▶ **What to produce**: Retype all of the listing exactly, with no pictures.

▶ **Collected material**:
===============
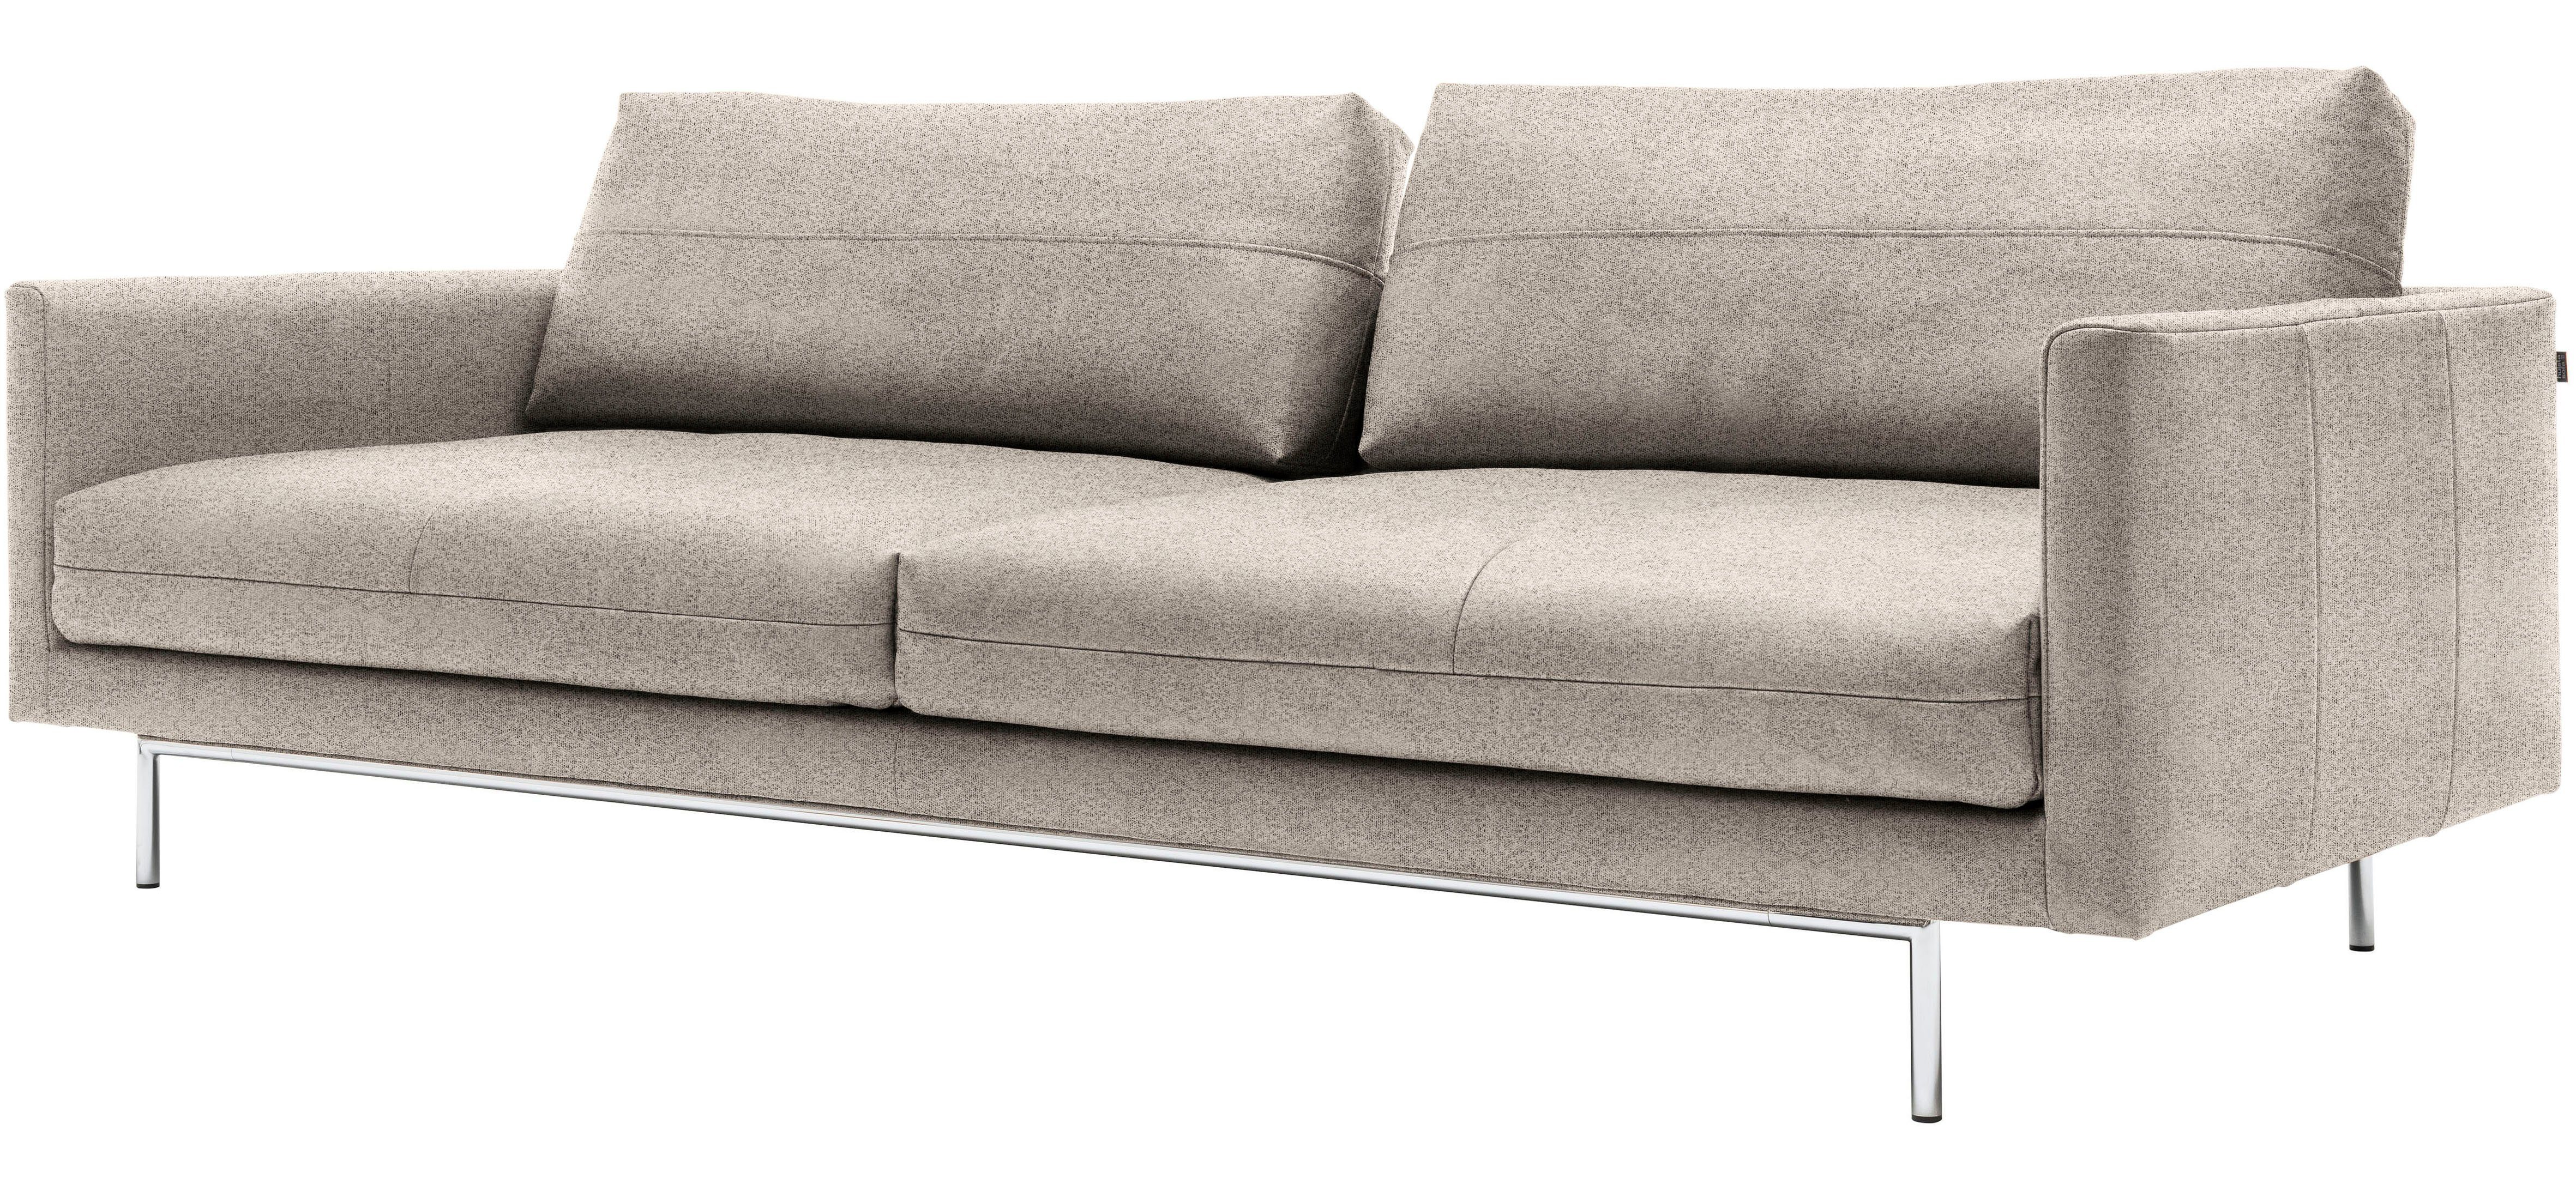 4-Sitzer graubeige sofa grbeige-nat hülsta /natur |
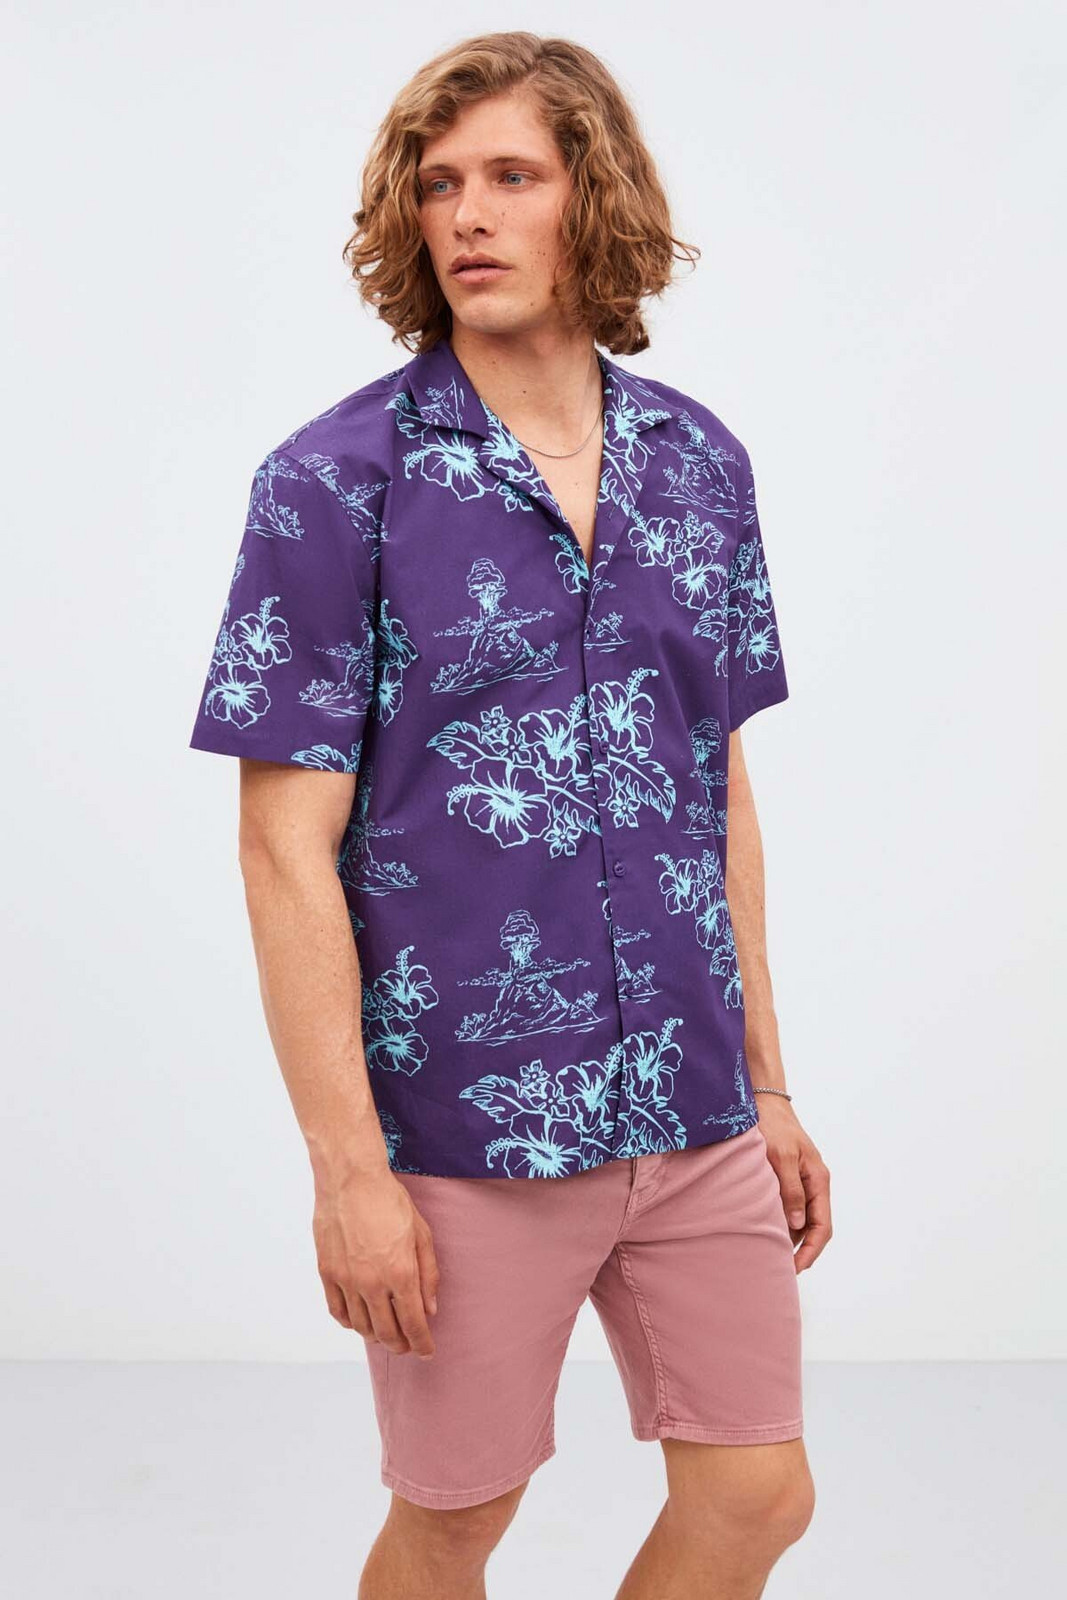 GRIMELANGE Almeira Men's 100% Cotton Poplin Fabric Patterned Summer Purple Shirt
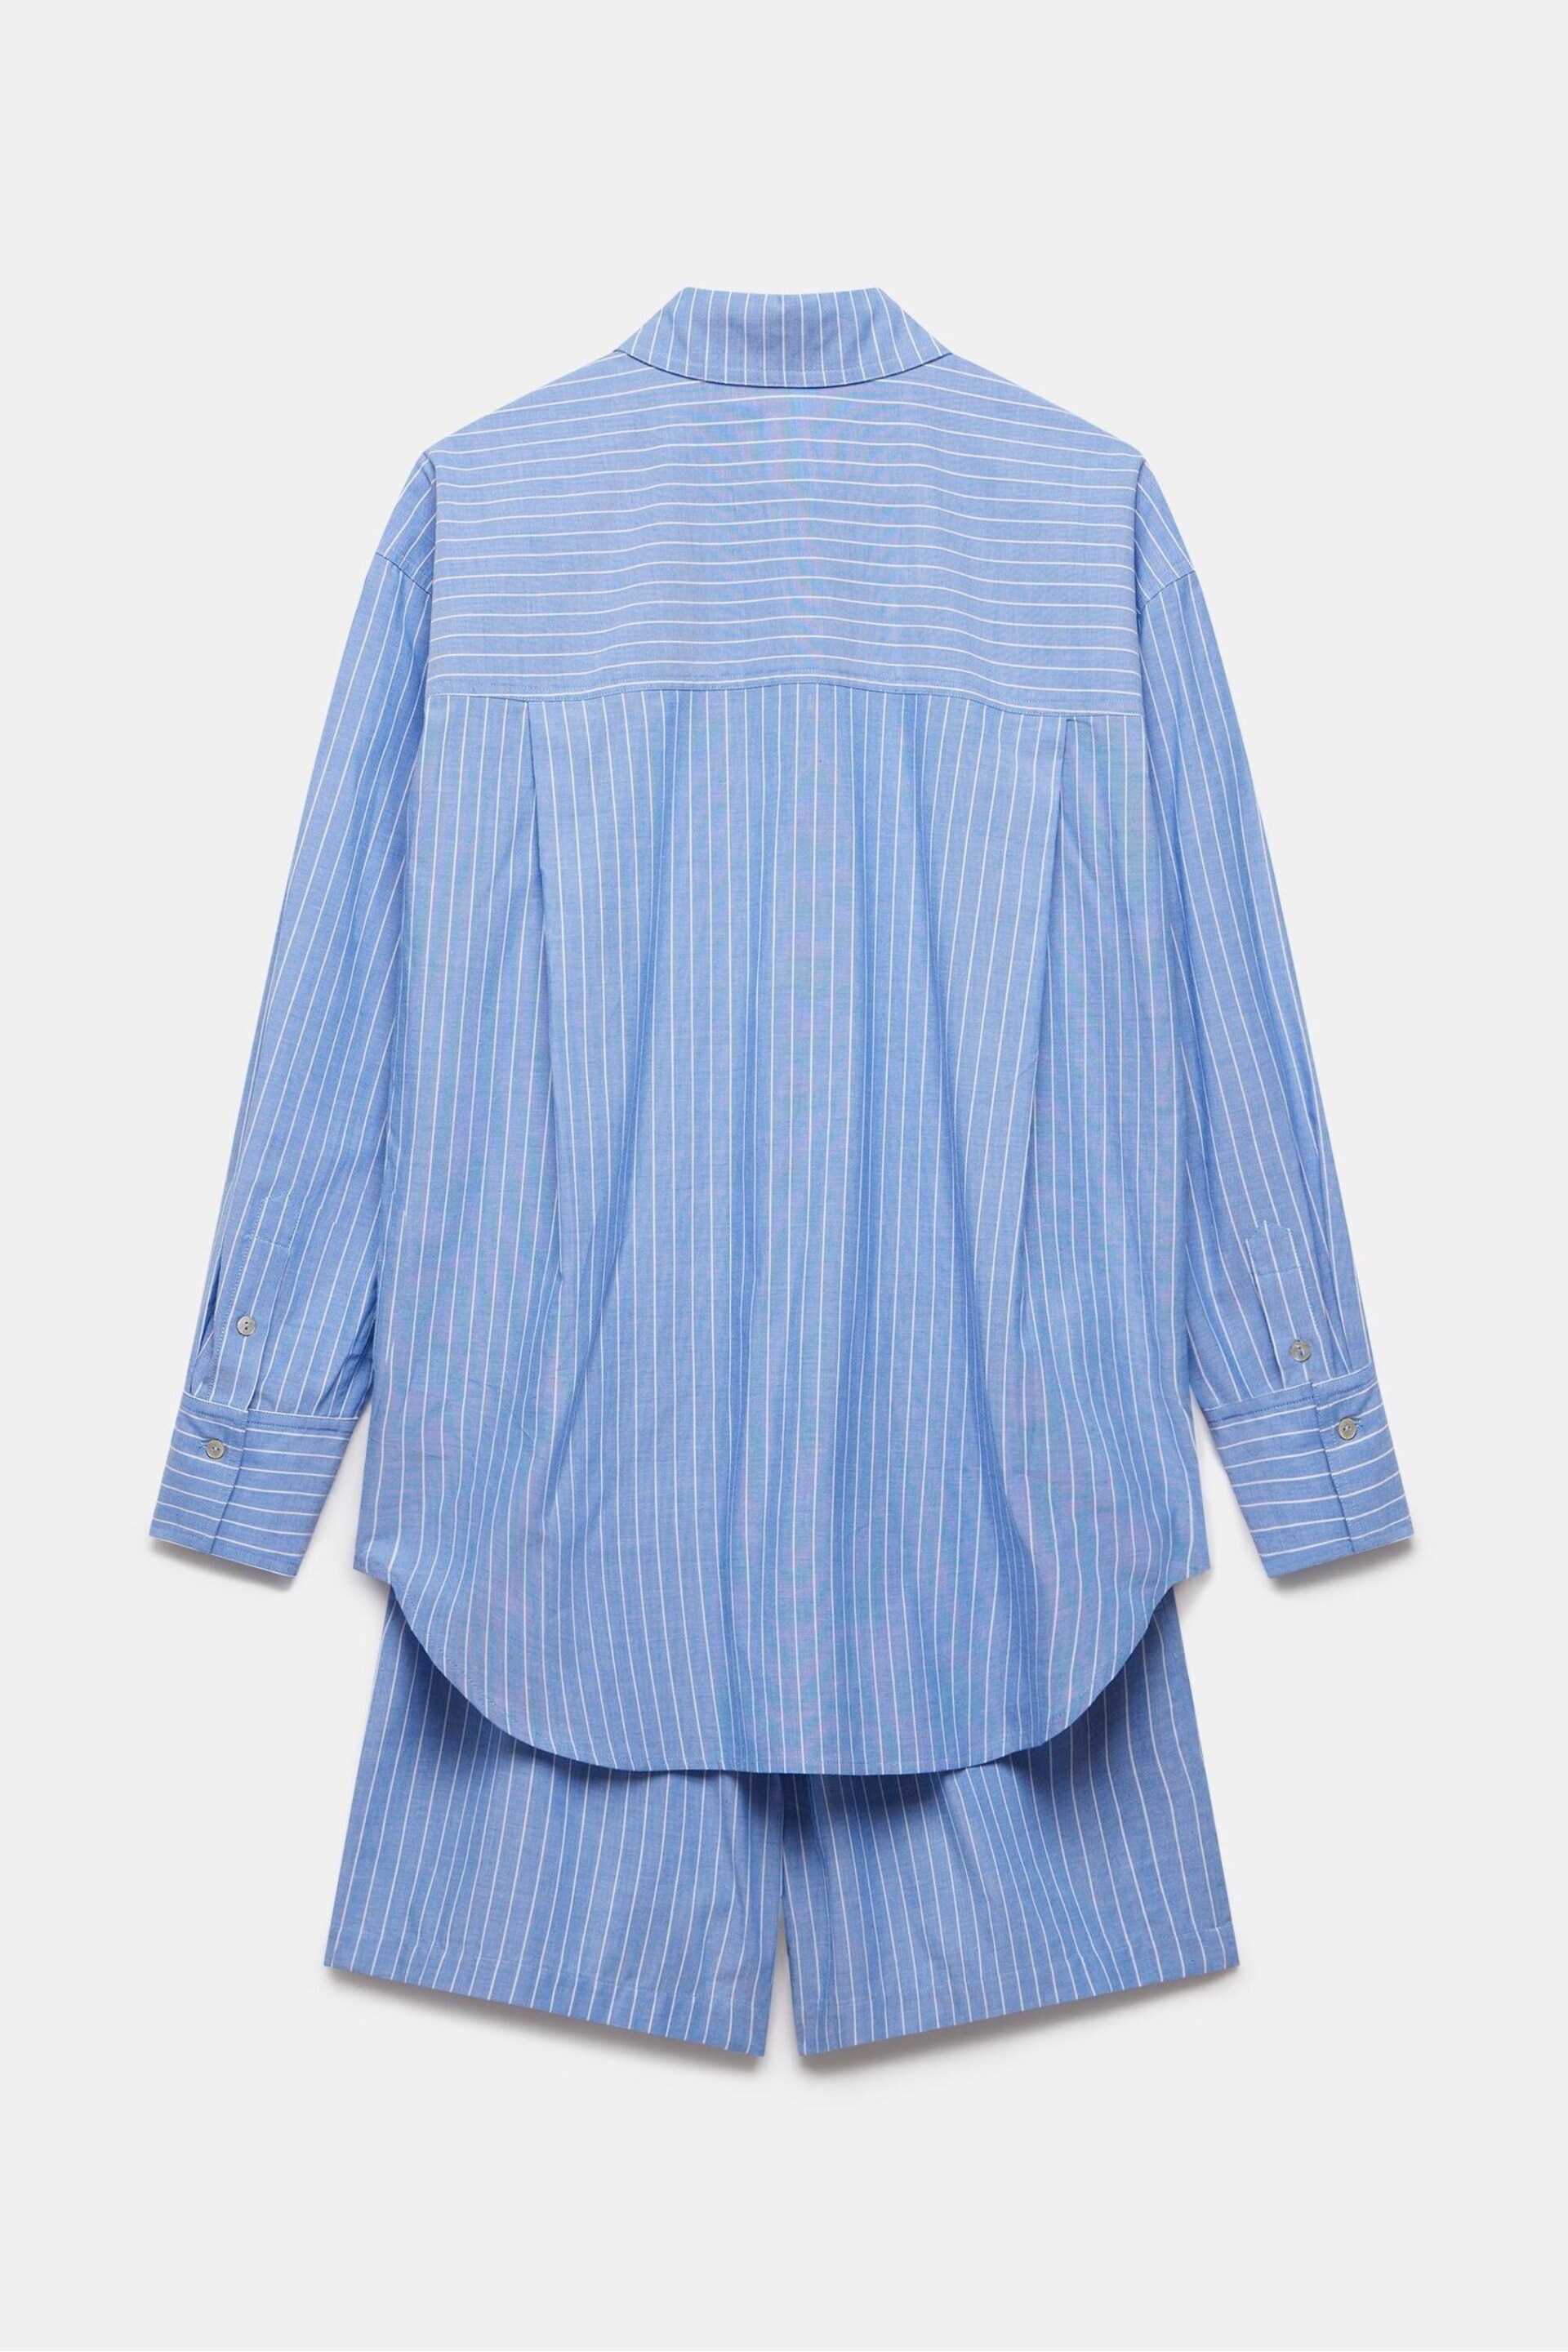 Mint Velvet Blue Cotton Shirt & Shorts Set - Image 4 of 4
===============
▶ **Answer space**:
 4-Sitzer graubeige sofa grbeige-nat hülsta /natur |
 GRIMELANGE Almeira Men's 100% Cotton Poplin Fabric Patterned Summer Purple Shirt
 Mint Velvet Blue Cotton Shirt & Shorts Set - Image 4 of 4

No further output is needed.